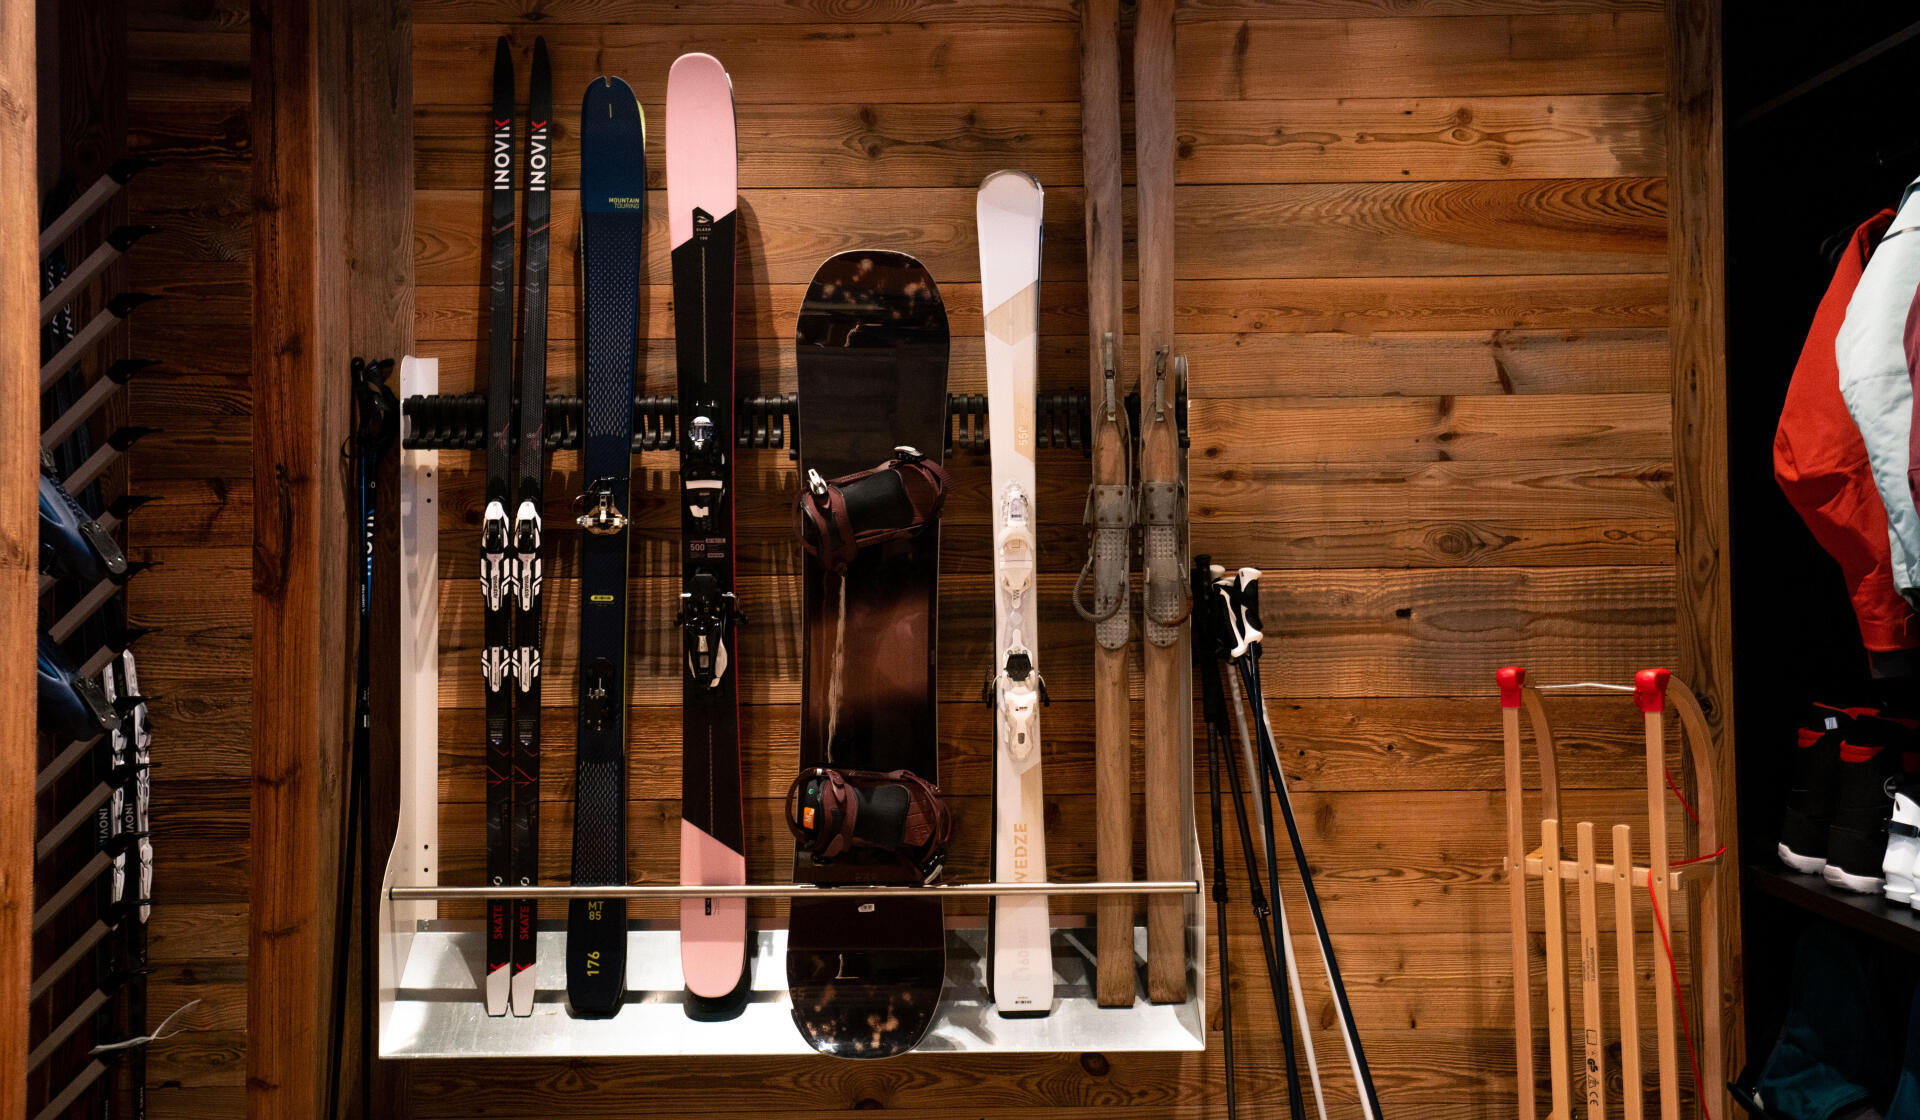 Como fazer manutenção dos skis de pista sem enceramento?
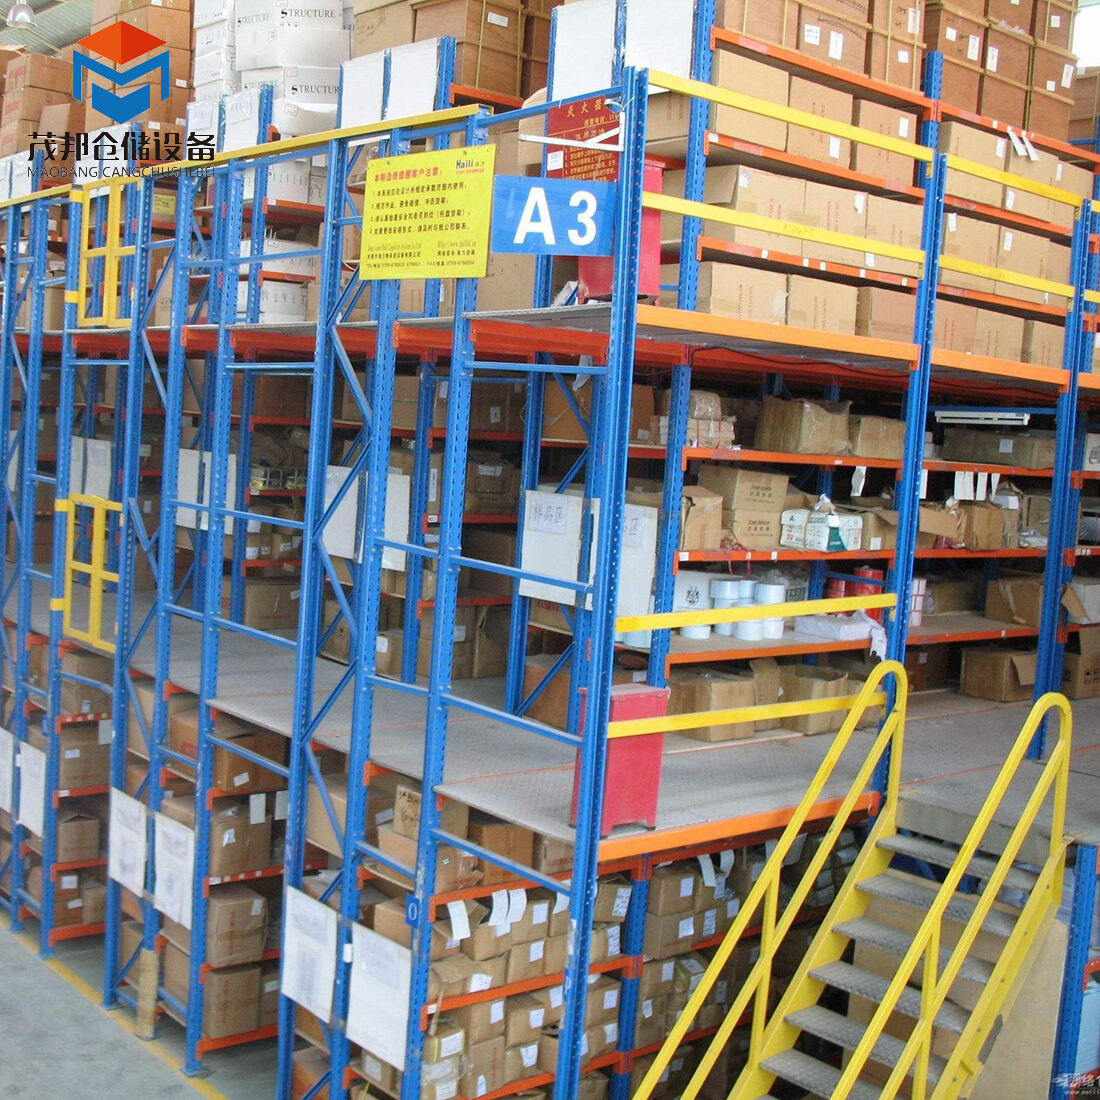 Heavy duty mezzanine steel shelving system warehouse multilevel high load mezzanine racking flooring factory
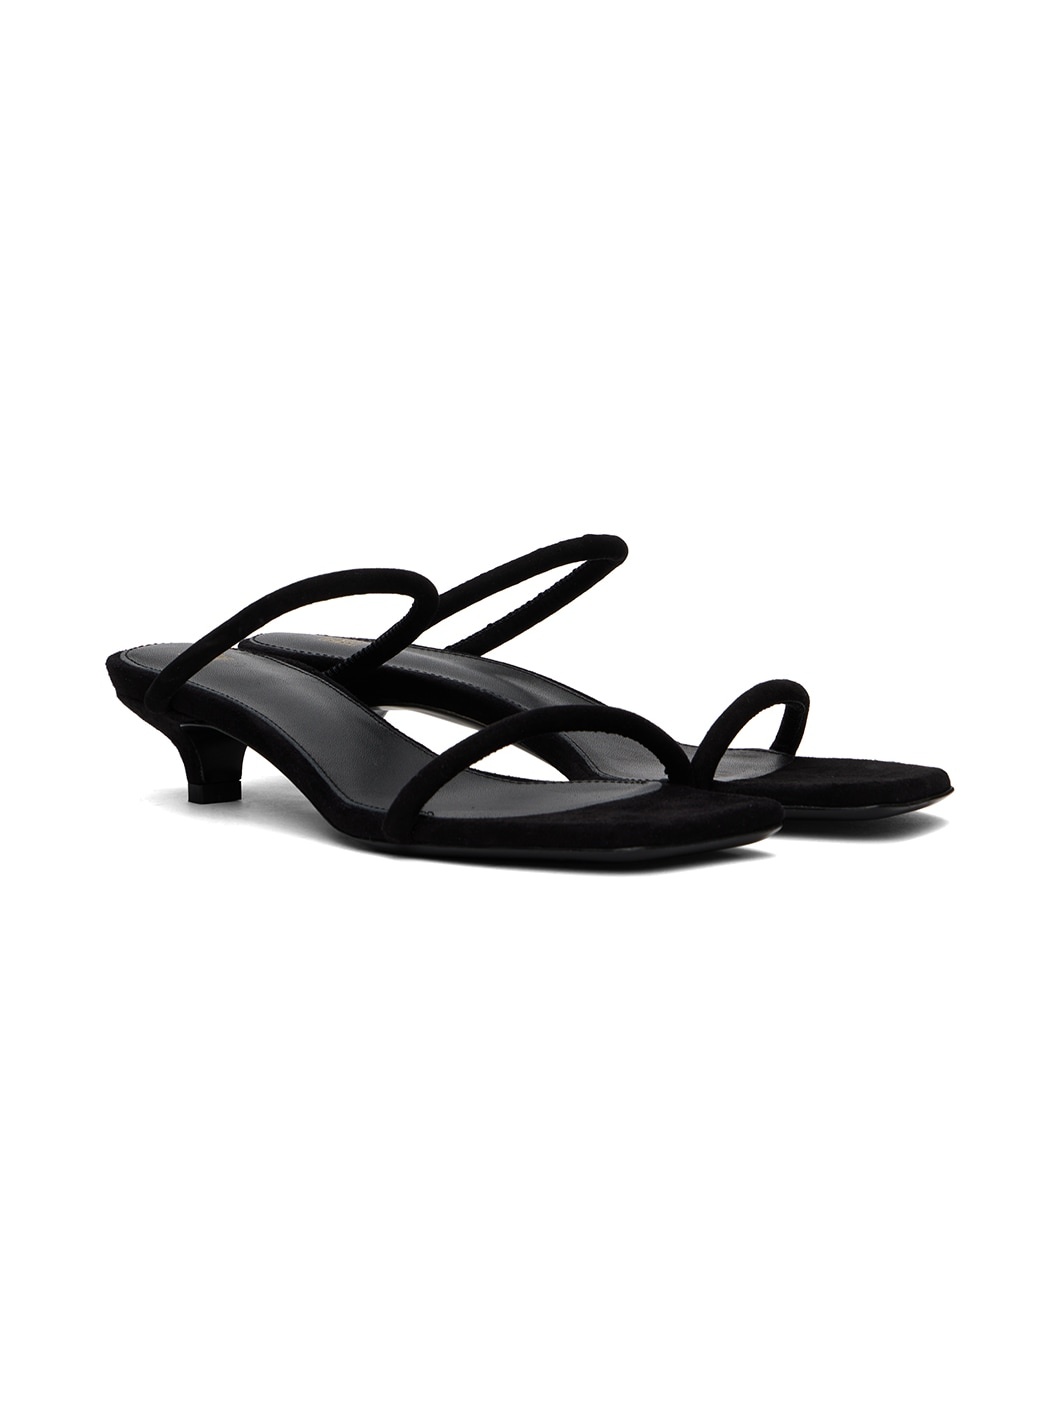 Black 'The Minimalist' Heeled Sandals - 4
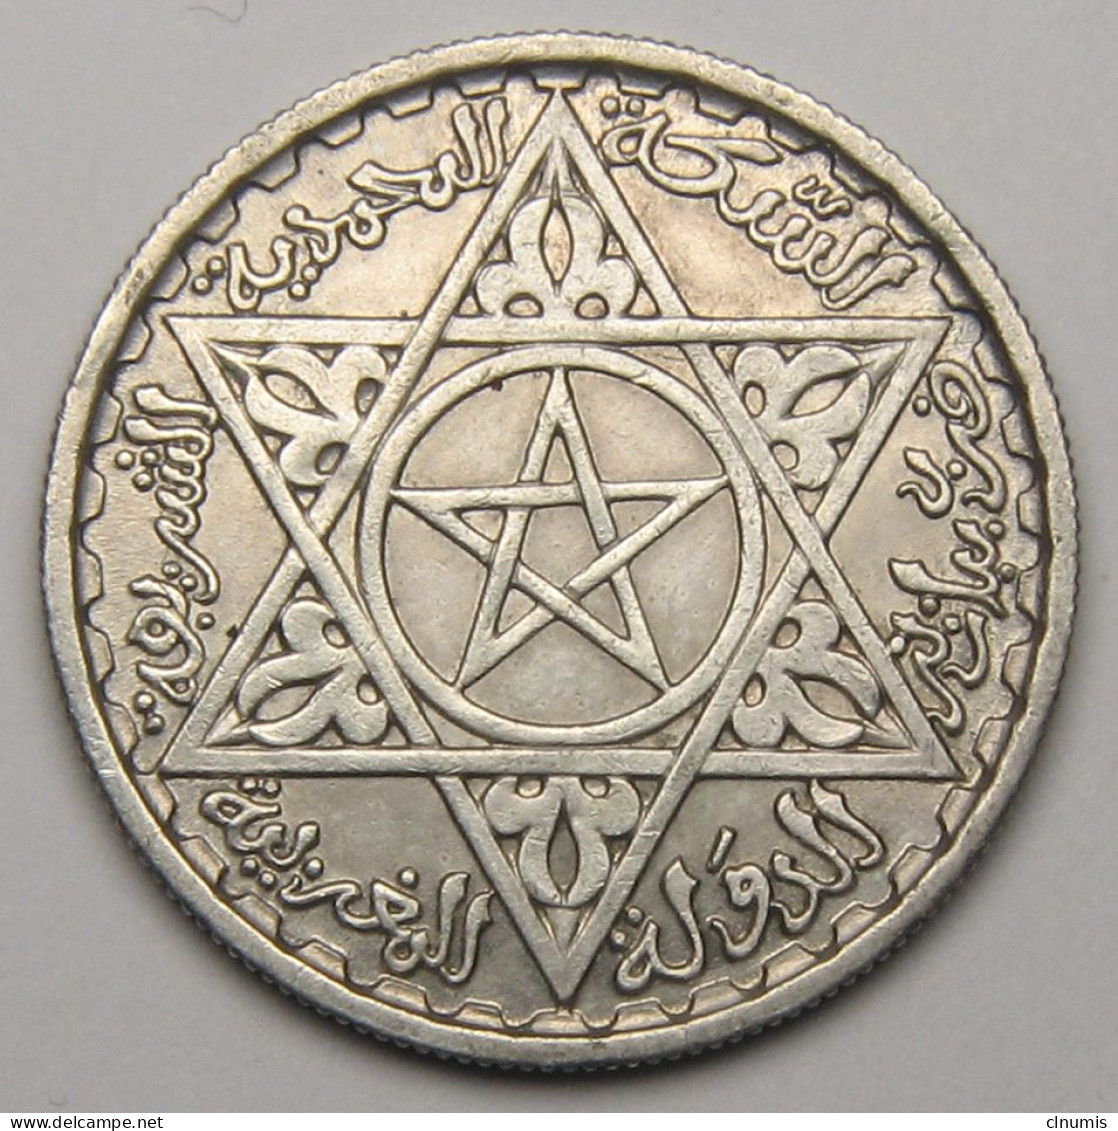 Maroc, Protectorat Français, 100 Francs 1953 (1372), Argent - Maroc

******************************

#### Problem statement
Transcribe the data verbatim. No picture belongs in the result.

#### Reply to the exercise
 Como fazer manutenção dos skis de pista sem enceramento?
 Heavy duty mezzanine steel shelving system warehouse multilevel high load mezzanine racking flooring factory
 Black 'The Minimalist' Heeled Sandals - 4
 Maroc, Protectorat Français, 100 Francs 1953 (1372), Argent - Maroc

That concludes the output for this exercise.